Sports marketing can be great. When done right, I am as big of a proponent of it as anyone. Nonetheless, just like any marketing initiative, it has its pitfalls, which can be very dangerous – especially if emotion rules decision-making.

The affinity people have toward events, teams, universities, players, coaches and etcetera can result in-ill-advised spending that lacks any defined (and productive) strategy, goals or objectives. In general, people have positive feelings about where they went to school, the team they rooted for growing up or an event they’ve frequented since their youth. This is okay; however, it should not be a dynamic that blinds logic. In reality, salespeople know this affinity exists, and some of the less conscientious ones (and the companies they represent) take advantage of it in a self-serving fashion.
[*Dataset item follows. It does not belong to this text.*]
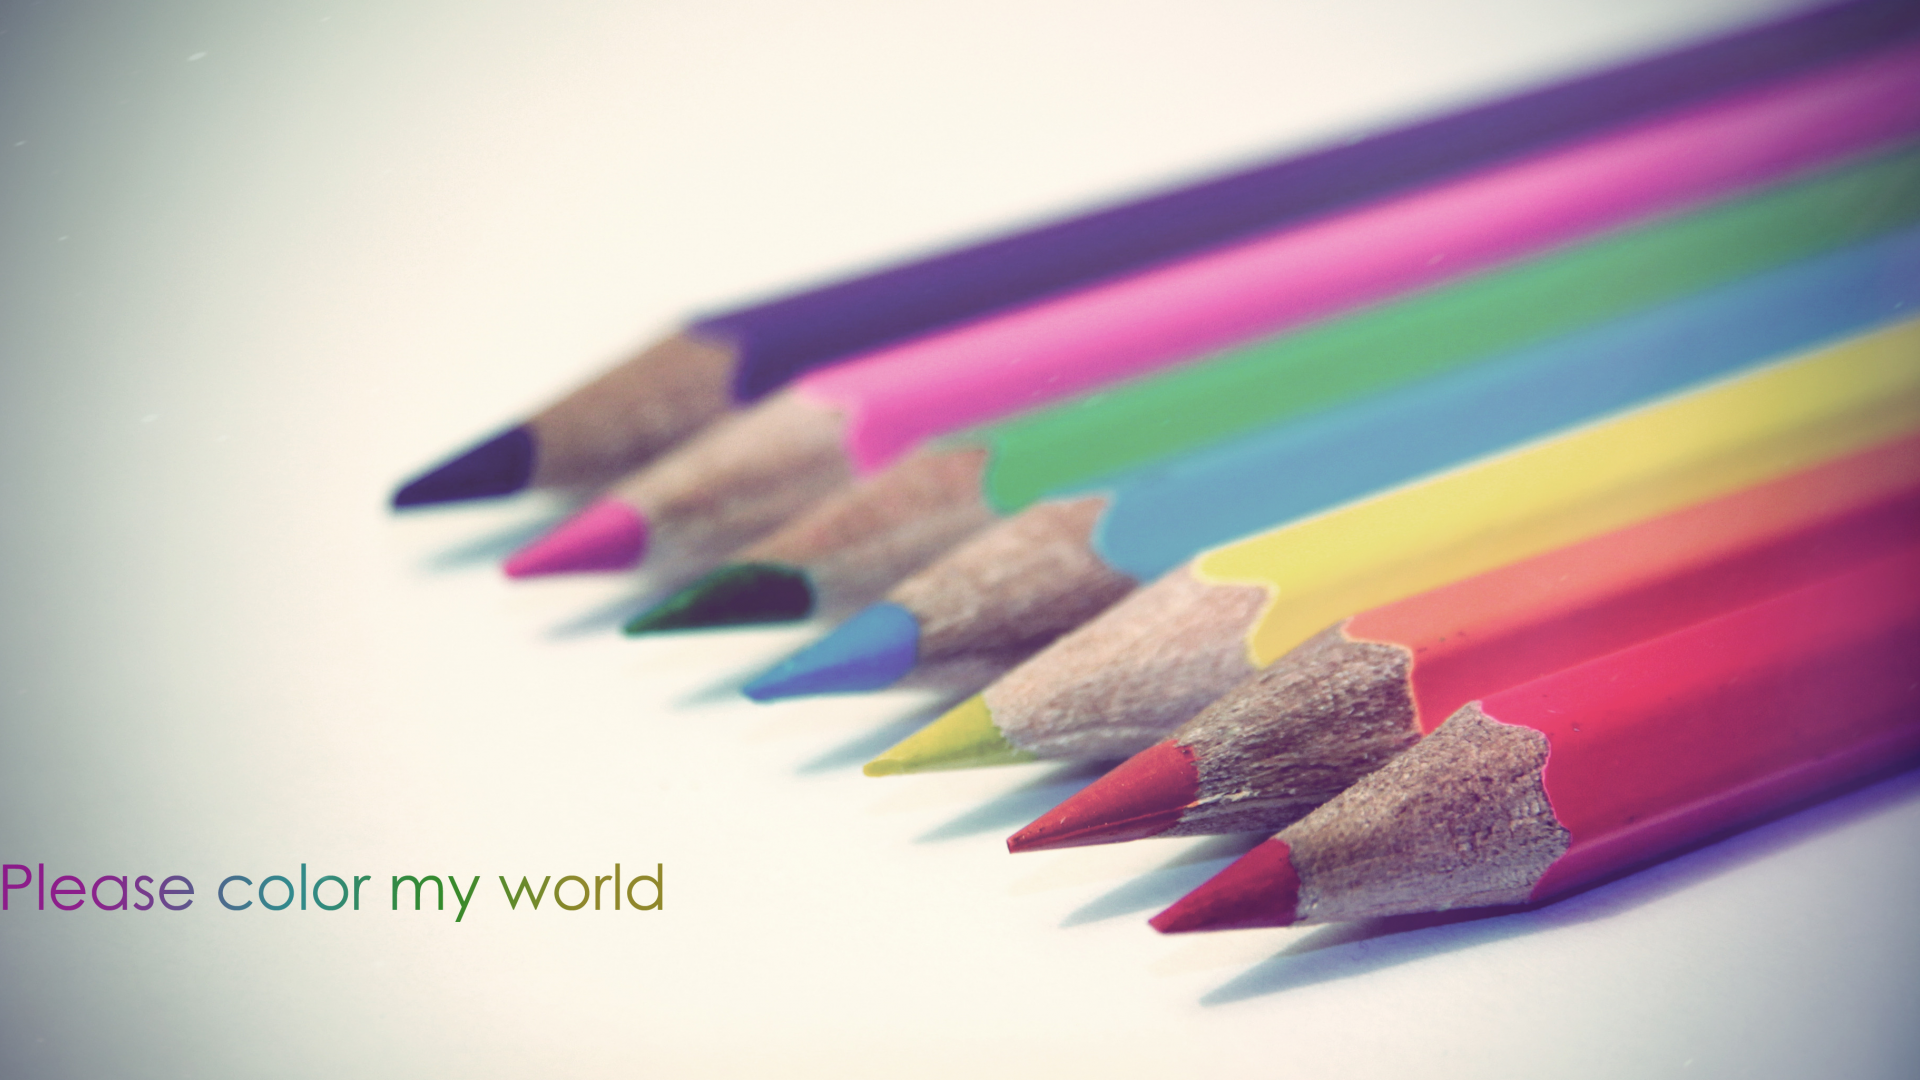 разукрась, карандаши, пожалуйста, мой, мир, разноцветные

Nobody wants to openly admit it, but I am willing to contend a substantial portion of stadium/venue signage is purchased because marketers (or their bosses) like seeing their own sign. More power to you if you have the resources to do so and are willing to acknowledge it’s a status-rearing purchase. Where I don’t see this rationale being appropriate is when it is in relation to a publicly traded company or even worse, a tax-supported entity like the National Highway Traffic Safety Association or Community College System spending to display prestige.
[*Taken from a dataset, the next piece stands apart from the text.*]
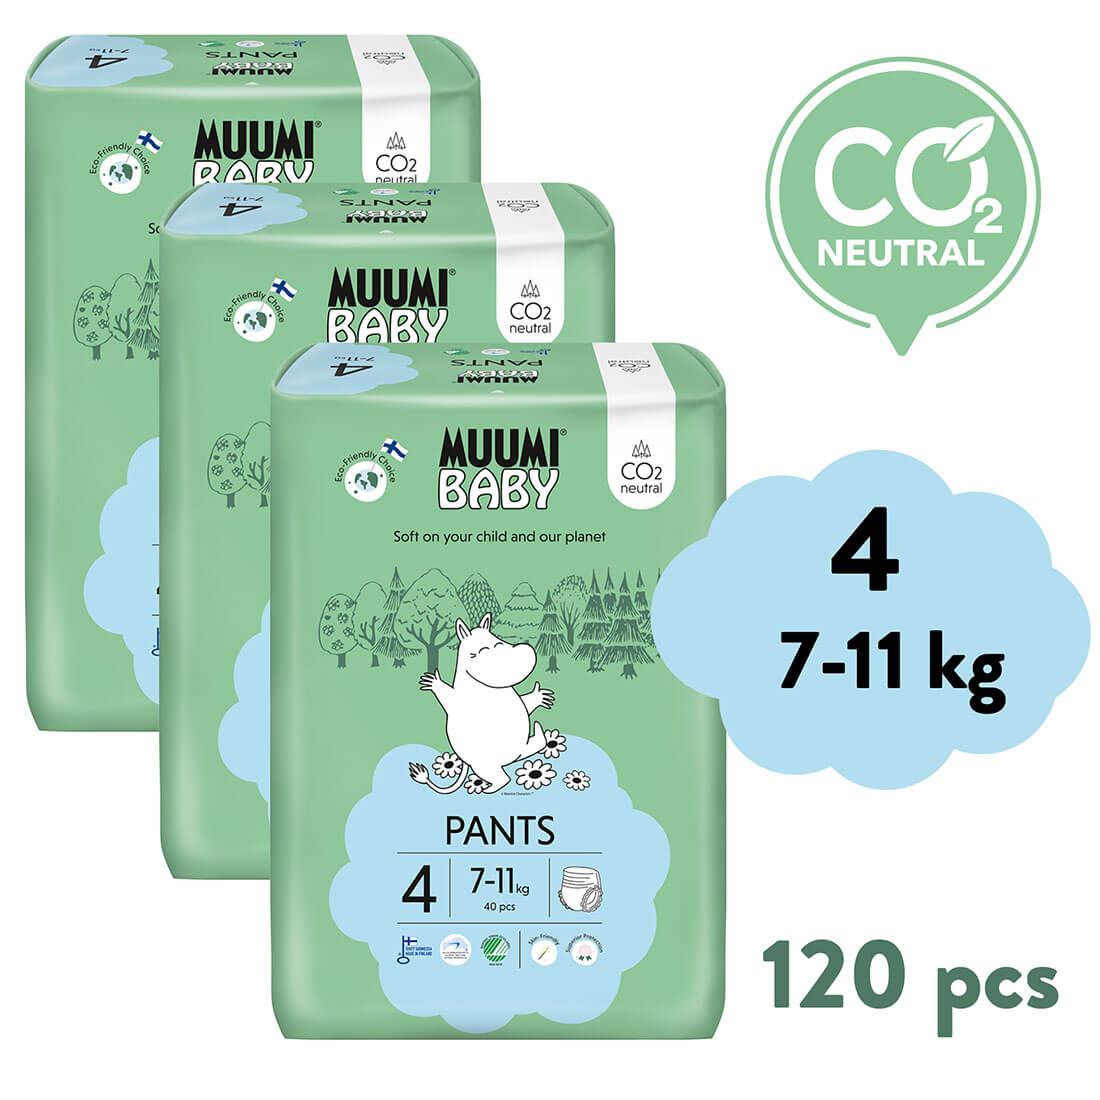 E-shop Muumi Baby Pants 4 Maxi 7-11 kg (120 ks), mesačné balenie nohavičkových eko plienok

Under this framework, it is obvious some marketers unwittingly spend irresponsibly on sports marketing as a response to a competitive presence in the space. What’s worse is buying something so your competitor can’t – which like buying for status, happens much more than you may think. Take for example, the financial services, insurance and auto industries; about a third of the biggest spenders in sports fall within in these categories. Is peddling insurance, pushing credit cards or dealing cars really that much more profitable than hawking other products or services? Maybe, but I tend to think not, otherwise GM and Bank of America would be in Apple’s position. What happened is a few large insurance companies, banks, credit card issuers and auto makers invested heavily in sports 20-30 years ago and to keep up with the competition, peers have spent wildly since.

Official designations not built on an organic foundation or tie-in are pointless. Here’s an example of a less than optimal tie-in: The 2017 Bad Boy Mowers Gasparilla Bowl in St. Petersburg.

OK, I may grant you that college football viewership may index high against professional landscapers and home owners, but a lawn mower company sponsoring a game played in a dome on fake grass is difficult to understand. Bad Bow Mowers is completely irrelevant in the stadium hosting its signature marketing event.

To be clear, Official Designations aren’t all bad – some are great and make a lot of sense, such as the Official Shoe of the NBA, Official Fuel of NASCAR or the Official Energy Drink of the US Snowboarding team. But it’s quite perplexing when companies try to associate themselves with entities having no real connection.

Empirical data suggests sports marketing works and will continue to grow – that is not disputable. Where the concern lies is that it may be hard to determine how much of that growth is due to a solid strategy or frivolous decision making based on everything but a return on investment.